There are perverse incentives in particular for younger scientists to just do things the way they seem to be done, even when norms lag behind best practices. Of course, we can also just not know what’s right when there are discrepancies, even when we want very much to do it. These discrepancies and uncertainties can multiply and magnify the already substantial uncertainties in scientific evidence. This was my dissertation experience.
As a grad student, I assumed polygraphs were junk science, bias seeped into tech-mediated decisions including polygraph chart interpretation, psychophysiological effects could drive ascriptive biases in polygraphy, and polygraph programs might also select on authoritarianism, because ambiguity creeps out authoritarians, some polygraph questions are built ambiguous, bigger physiological responses to those questions can help people pass. The questions I prioritized were informed by my priors as well as my values, my advisers’ values, and our sociopolitical context. And I accidentally misinterpreted the evidence I gathered to test hypotheses stemming from these priors. In this, I had good company.
For one thing, I think I uncovered evidence that police polygraph programs might save lives by reducing police violence. But didn’t make much of it at the time, in part because that so contradicted my priors — and in part because the analytical method that produced that result contained so much uncertainty as to be of questionable utility by itself. But the result actually makes sense if the intelligence community was right and the National Academy of Sciences was wrong about polygraph programs.
(NAS concluded the programs would net harm security at the National Labs based primarily on estimated hypothetical outcomes stemming from an application of Bayes' rule (see Table S-1A and B), which implies programs of this mathematical structure (mass screenings for low-prevalence problems) tend to backfire under conditions of rarity, persistent uncertainty, and secondary screening harms. But this application assumed the programs had only one causal mechanism. They have three: detection, avoidance (deterrence), and elicitation (the bogus pipeline). We don’t know how the effects of these mechanisms interact and net out in the field. And we may not know how to scientifically validate the first mechanism, as NAS polygraph report committee co-chair Stephen Fienberg rightly insisted. But we can validate the latter two.)

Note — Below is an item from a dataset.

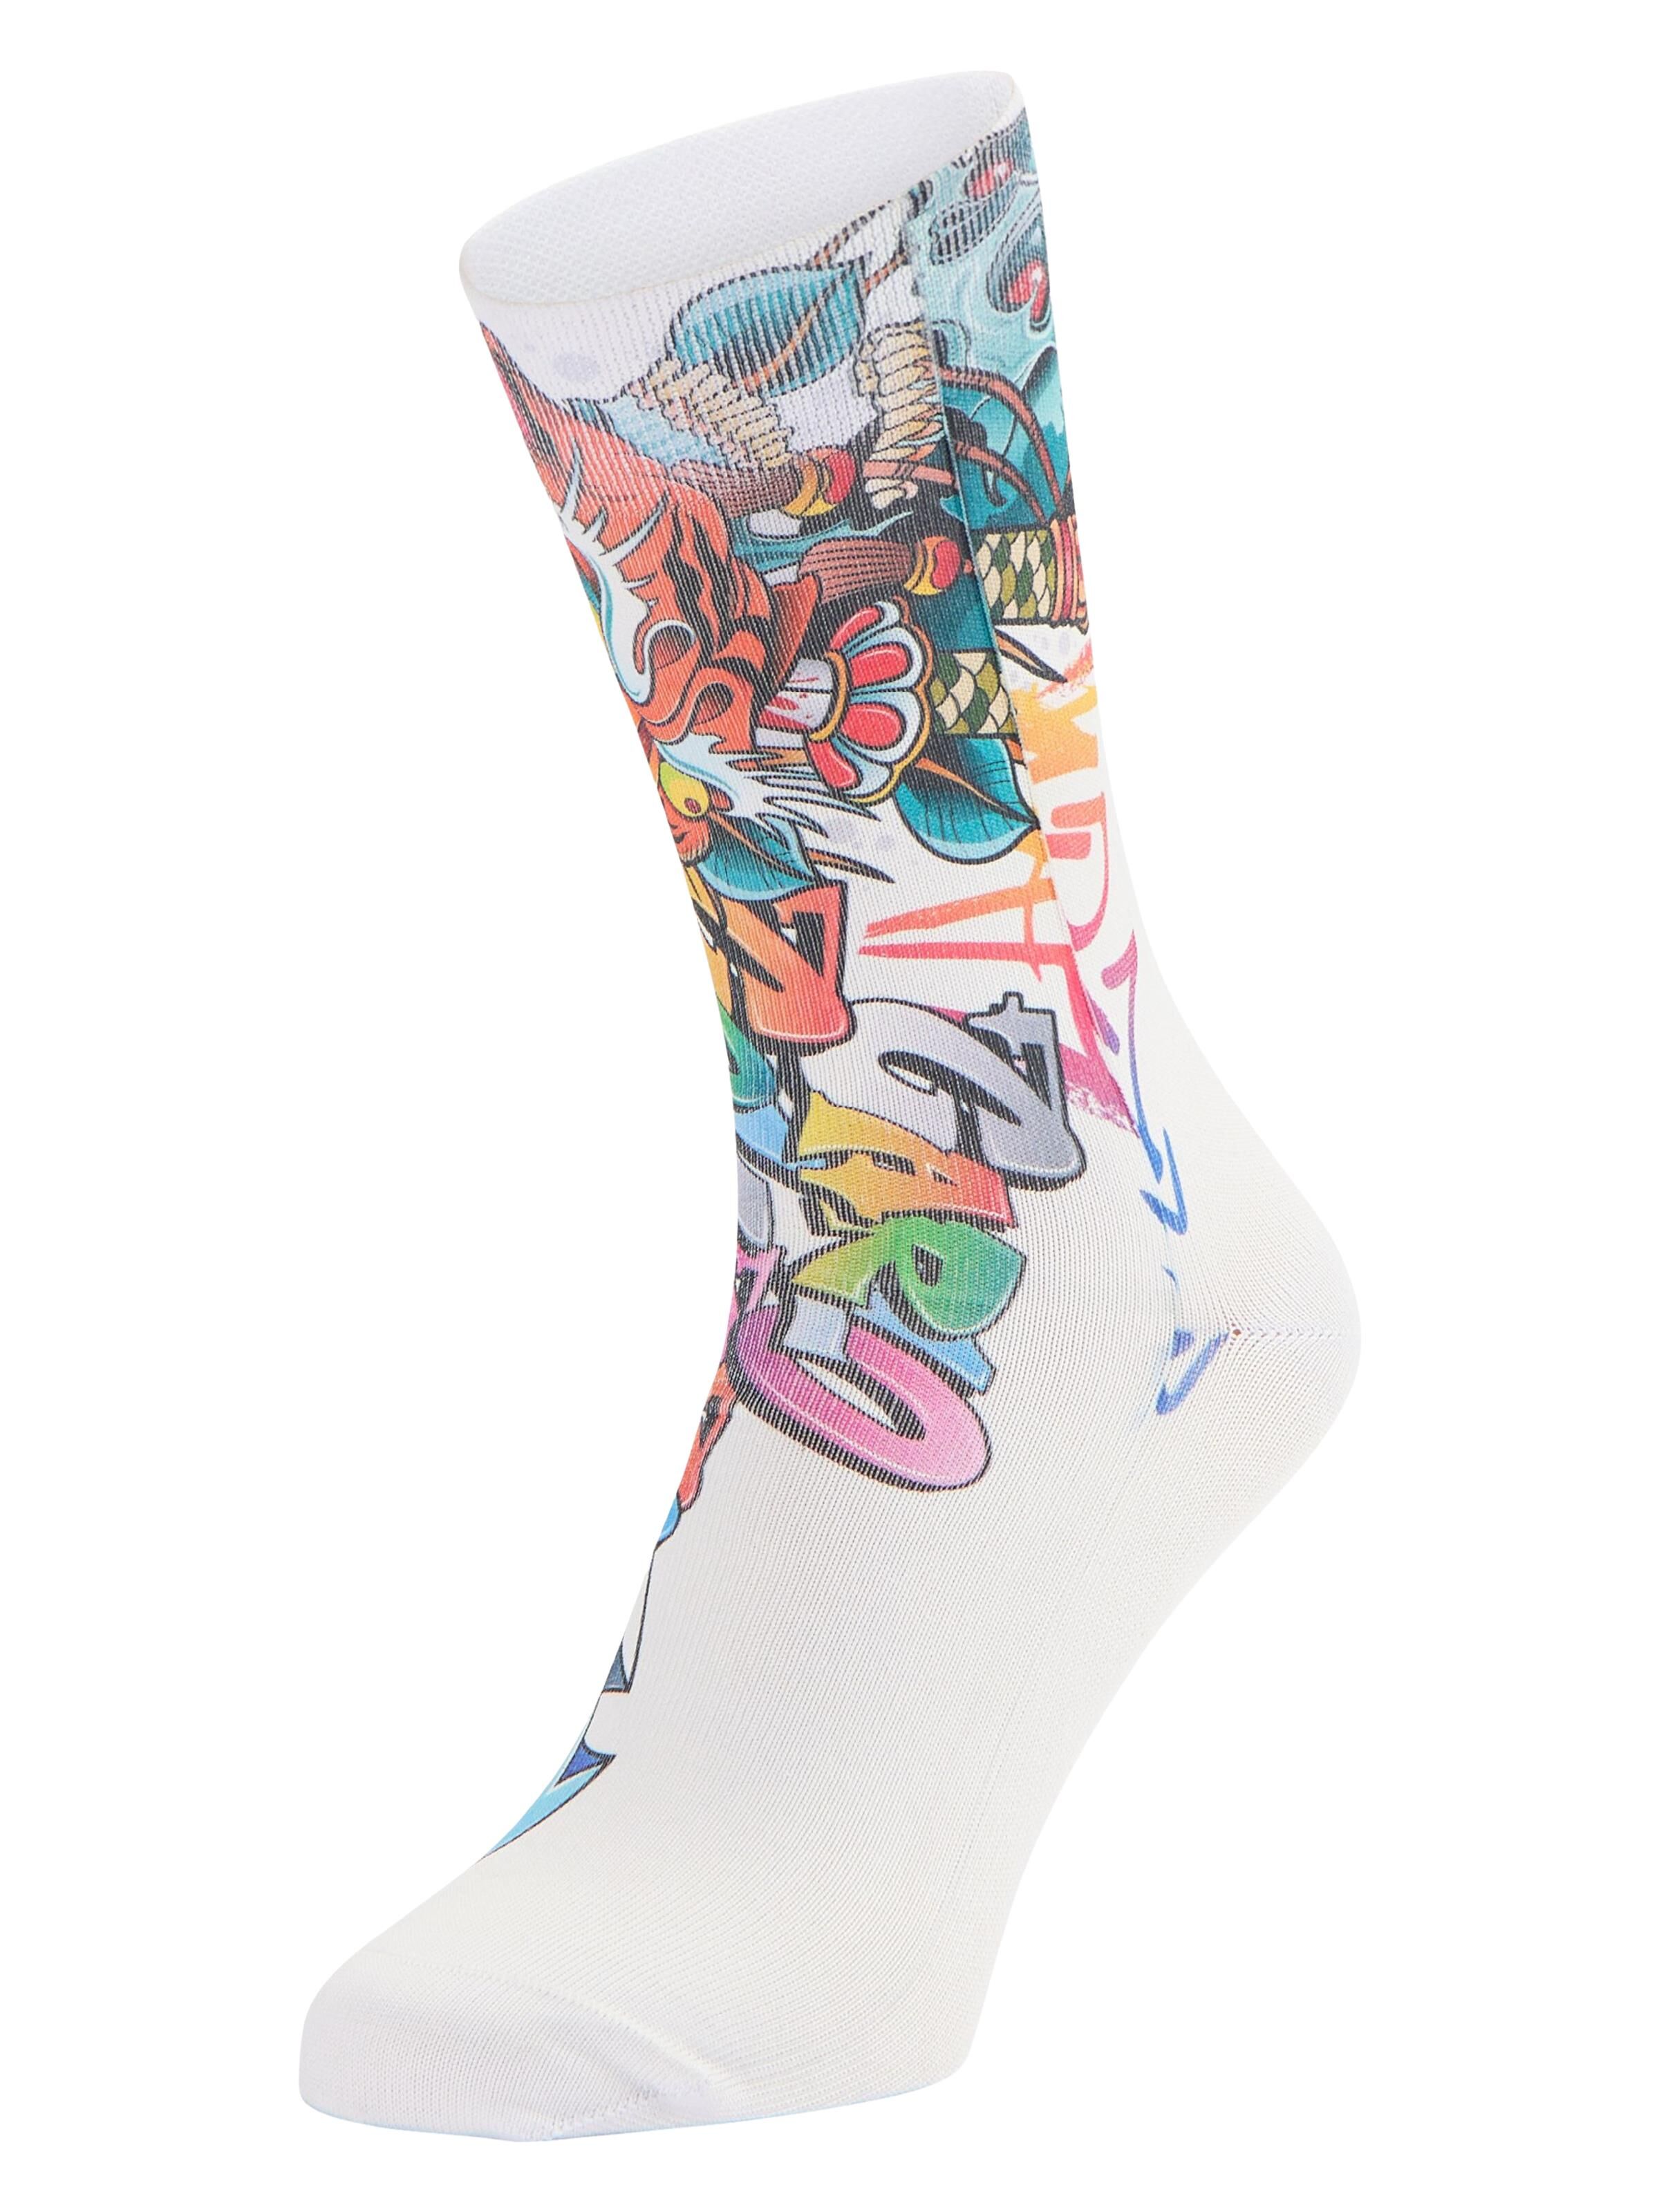 Bedruckte Socken im Graffiti-Style, 1er Pack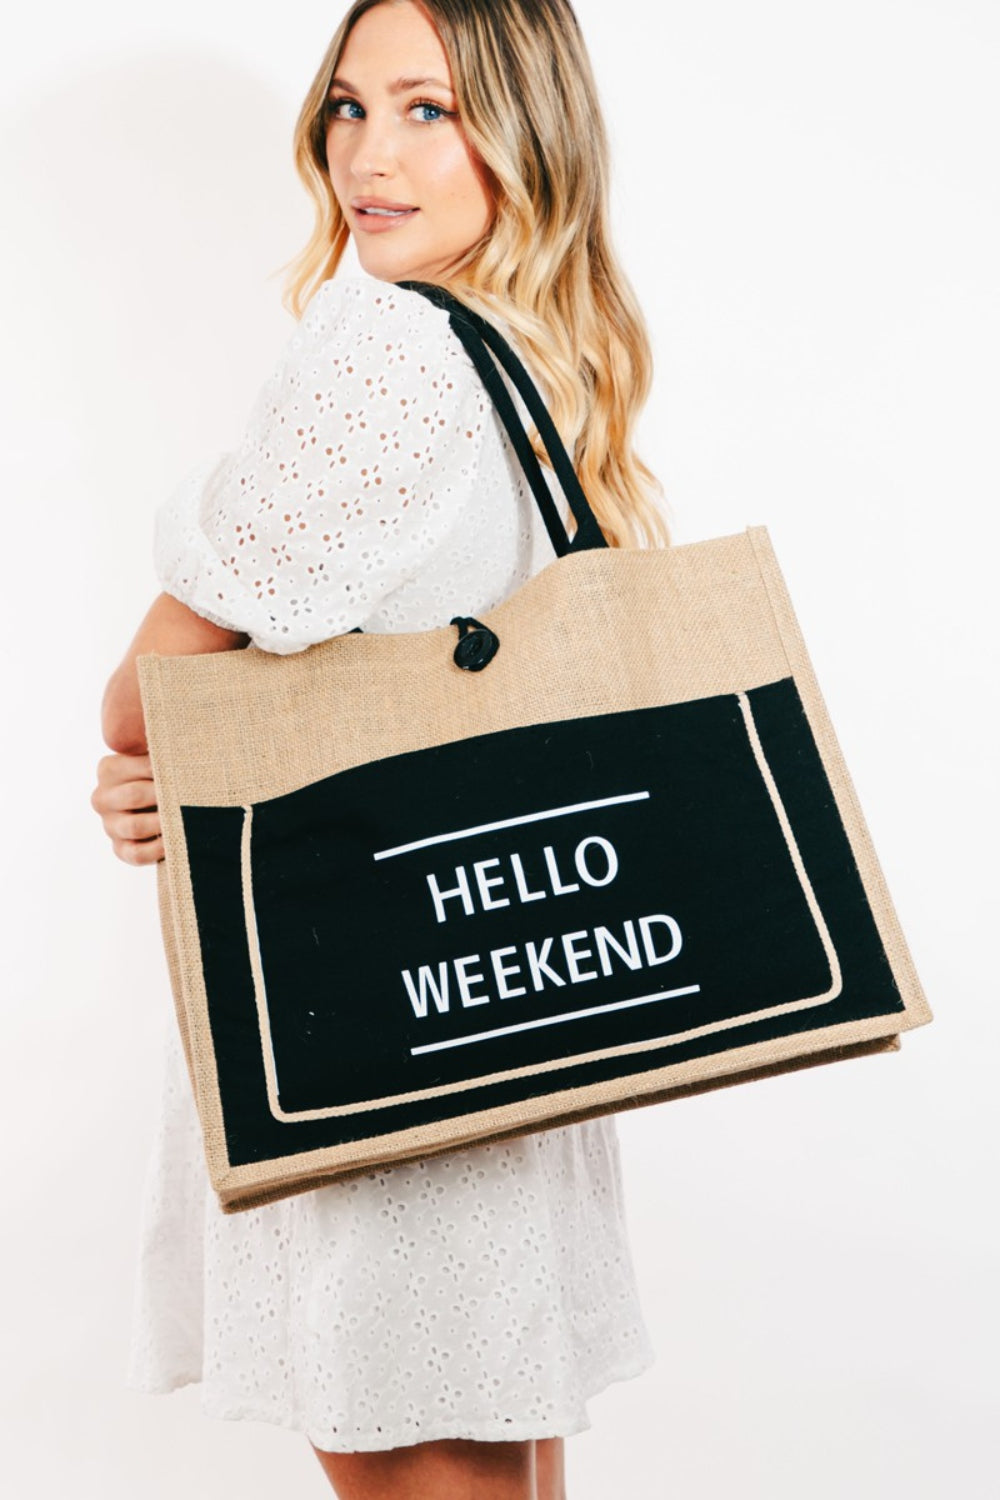 TEEK - Hello Weekend Burlap Tote Bag BAG TEEK Trend

For another thing, I collected evidence that some tech-mediated decisions could indeed be vulnerable to some forms of bias. But again I didn’t make much of it, this time because I made a few common methodological mistakes…
A few of my favorite mistakes
One of my favorite things to do for fun on the weekends is critique the rolling tide of bad medical literature for making stupid mistakes like misinterpreting statistical significance test results (reflecting the cognitive bias of dichotomania), not assessing effect sizes in terms of possible practical importance, and not thinking through causality. These are a few of my favorite mistakes. At least, they are now that I know how to recognize and correct them when other people make them.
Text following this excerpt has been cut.